Questionnaire
Jan Jones
The Elizabeth Hospice, Escondido, CA
1. What prompted your interest in serving on the NHPCO Board of Directors?
I believe this is a critical time in the life of the hospice movement to lead efforts to preserve the valuable service we offer and to expand access for this service. Serving on the Board allows me to further that agenda with like individuals equally committed to serving those in our communities in need.
2. What special expertise would you bring to the board? See the statement of characteristics to be evaluated for guidance on this question.
Over 25 years of experience moving the hospice agenda with local, state,and federal legislators,experience on NHPCO committees including but not limited to Ethics, Public Policy,Finance, Nominating,etc.. Experience in leadership in state organizations in Florida and Tennessee. Presenting numerous workshops at the local,state, and national levels. Perhaps most Importantly I bring a true passion for the work we do and a commitment to both preserve the mission and improve the product. I also have experience in both urban and rural settings as well as varying areas of the country.
3. How can NHPCO meet the needs of a diverse group of hospice and palliative care providers? (i.e. rural vs. urban, community based vs. corporate, small vs. large)
Through adequate representation of these programs on committees and the Board. As a National Director I would expect to hear the Issues of all types of programs and bring those issues to the forefront as we strategically address important issues.

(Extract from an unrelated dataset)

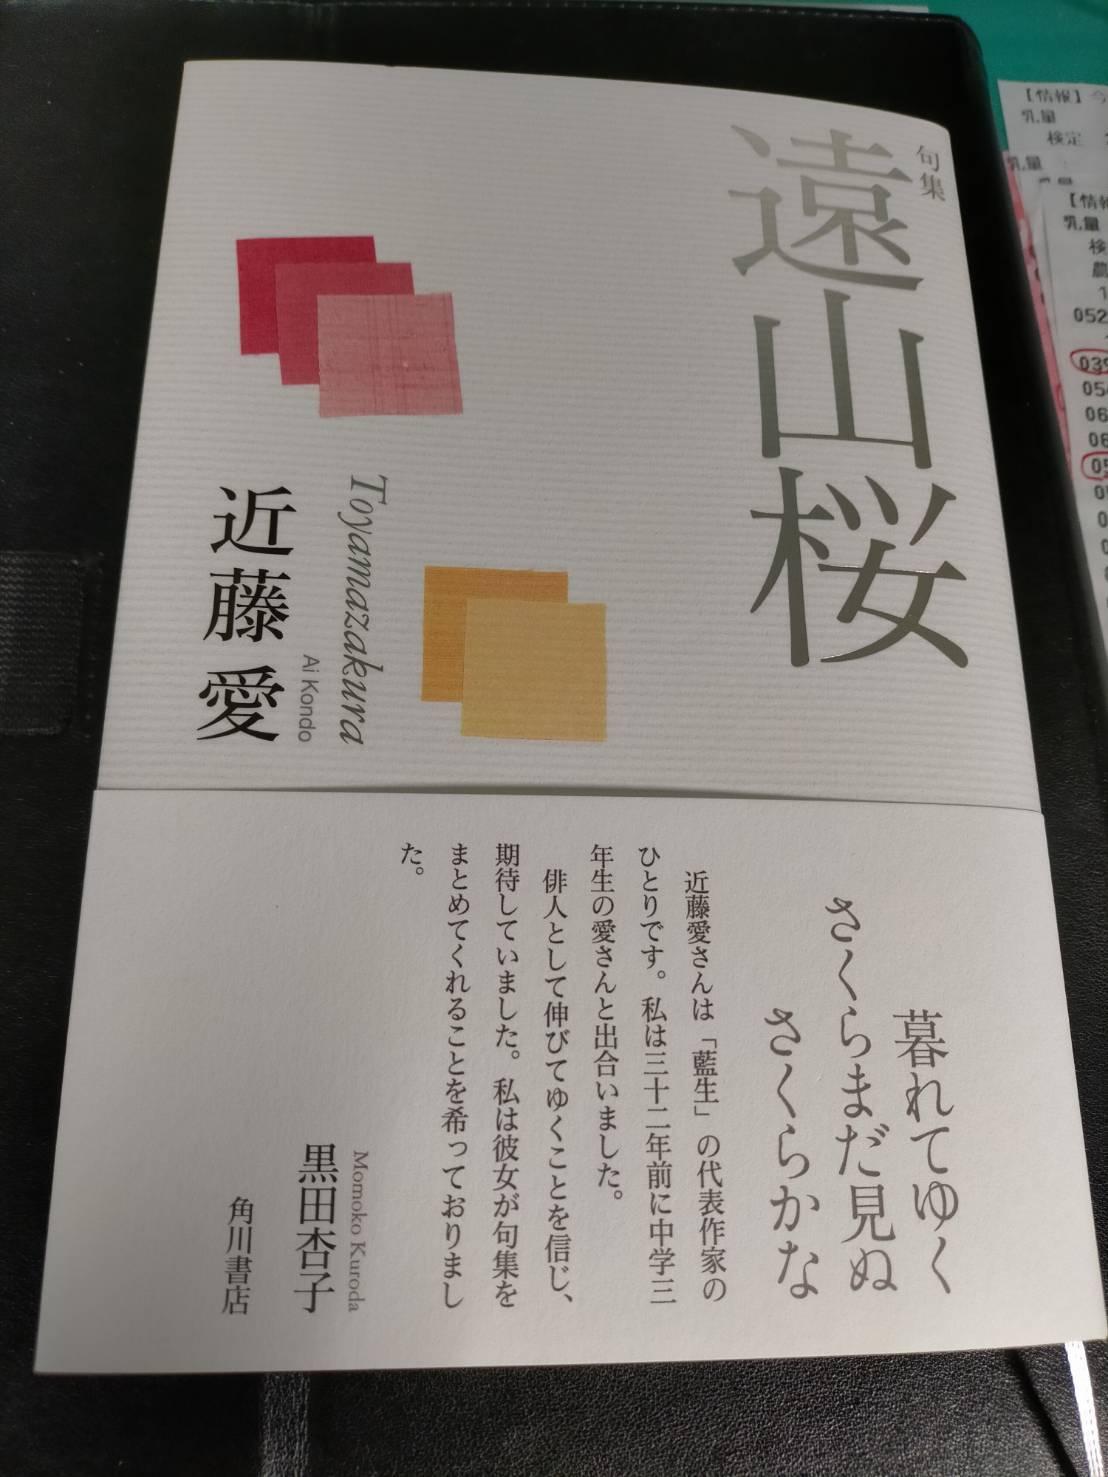 近藤愛句集「遠山桜」_a0265614_21464429.jpg

4. What leadership positions, beyond hospice and palliative care, have you held?
I have led numerous organizations on a volunteer basis-in Tennessee I Chaired the Association of Non-Profit Executives as well as Chairing a Federally Qualified Health Care Facility. I served on numerous boards including the Nashville Hospital Authority and The United Way Board. Nationally I chaired the American Association of Medical Administrators which is an organization promoting leadership in all areas of healthcare.

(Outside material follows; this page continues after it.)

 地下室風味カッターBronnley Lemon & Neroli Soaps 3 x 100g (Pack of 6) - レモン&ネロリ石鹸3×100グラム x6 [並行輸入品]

5. What roles do you think hospice and palliative care should play in the health care continuum that it currently does not?
I believe it should be referred to at the beginning of chronic illness diagnoses- there is a major role for hospices to do consultation and planning that has been underutillzed tremendously. I also believe It is incumbent upon us to develop programs and ways to serve people much earlier in their illnesses through palliative care and other outreach programs.

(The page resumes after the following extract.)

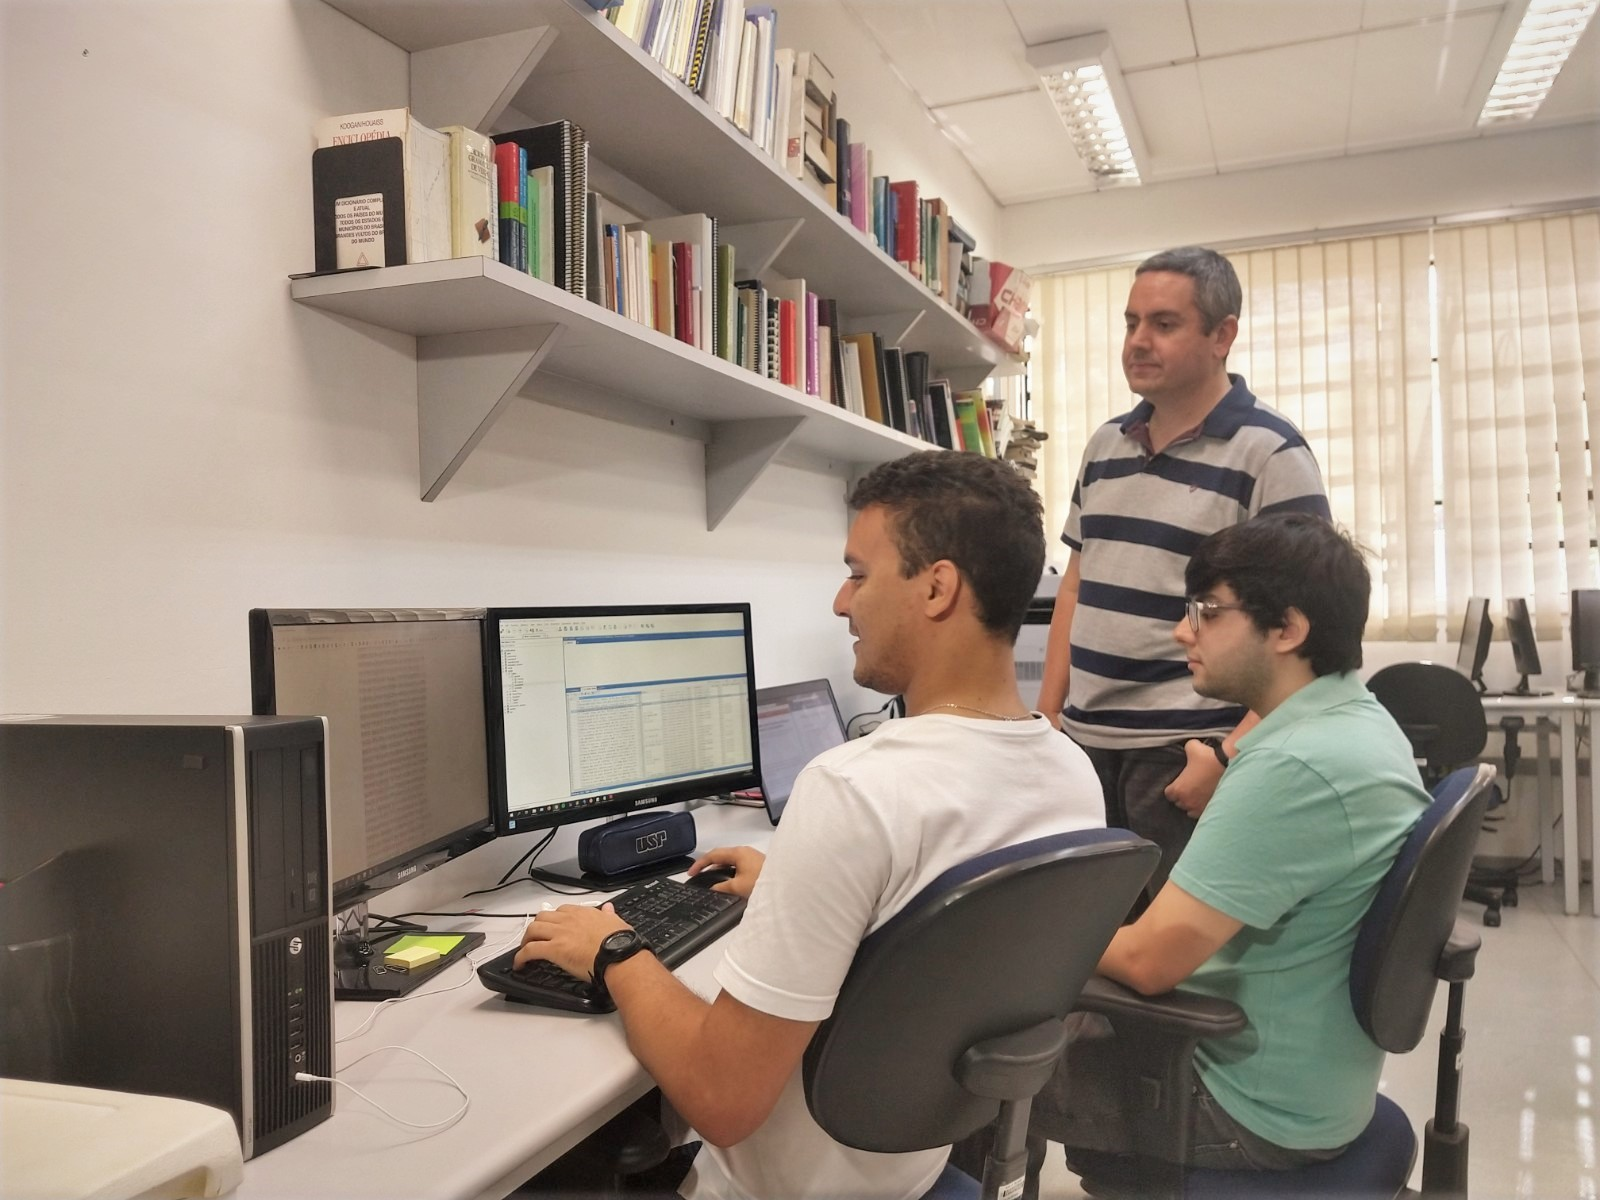 Pesquisadores desenvolvem a ferramenta no laboratório do NILC (Núcleo Interinstitucional de Linguística Computacional) (Foto: Denise Casatti – Assessoria de Comunicação do ICMC/USP)

6. What do you think are the most important issues/challenges facing hospice and palliative care in the next five years? What do you see as NHPCO’s role with regard to those issues? How would you, as a board member, help NHPCO fill that role?
Reduced Funding and ACO's are the things that loom closest. I think it is critical for us to remain exempted from being included within an ACO in terms of payment- we will need to watch this very closely as new legislation is introduced. Reduced funding is a reality and I see NHPCO's role as being a technical advisor to programs struggling to remain viable in the "new world" of hospice and palliative care. The other challenge is to emphasize the importance of compliance in this age of highly Increased scrutiny and to advocate with CMS fair and equitable standards with regards to evaluating program compliance.
7. Describe an innovative or visionary achievement you led that had a broad effect in your community or state.
About 6 years ago I had the opportunity to advocate in Tennessee to change the law in regards to who hospices could serve by having added the statement that any licensed hospice could provide palliative care to non-hospice patients. That has opened the door for all hospices to make a difference earlier In the patient's trajectory.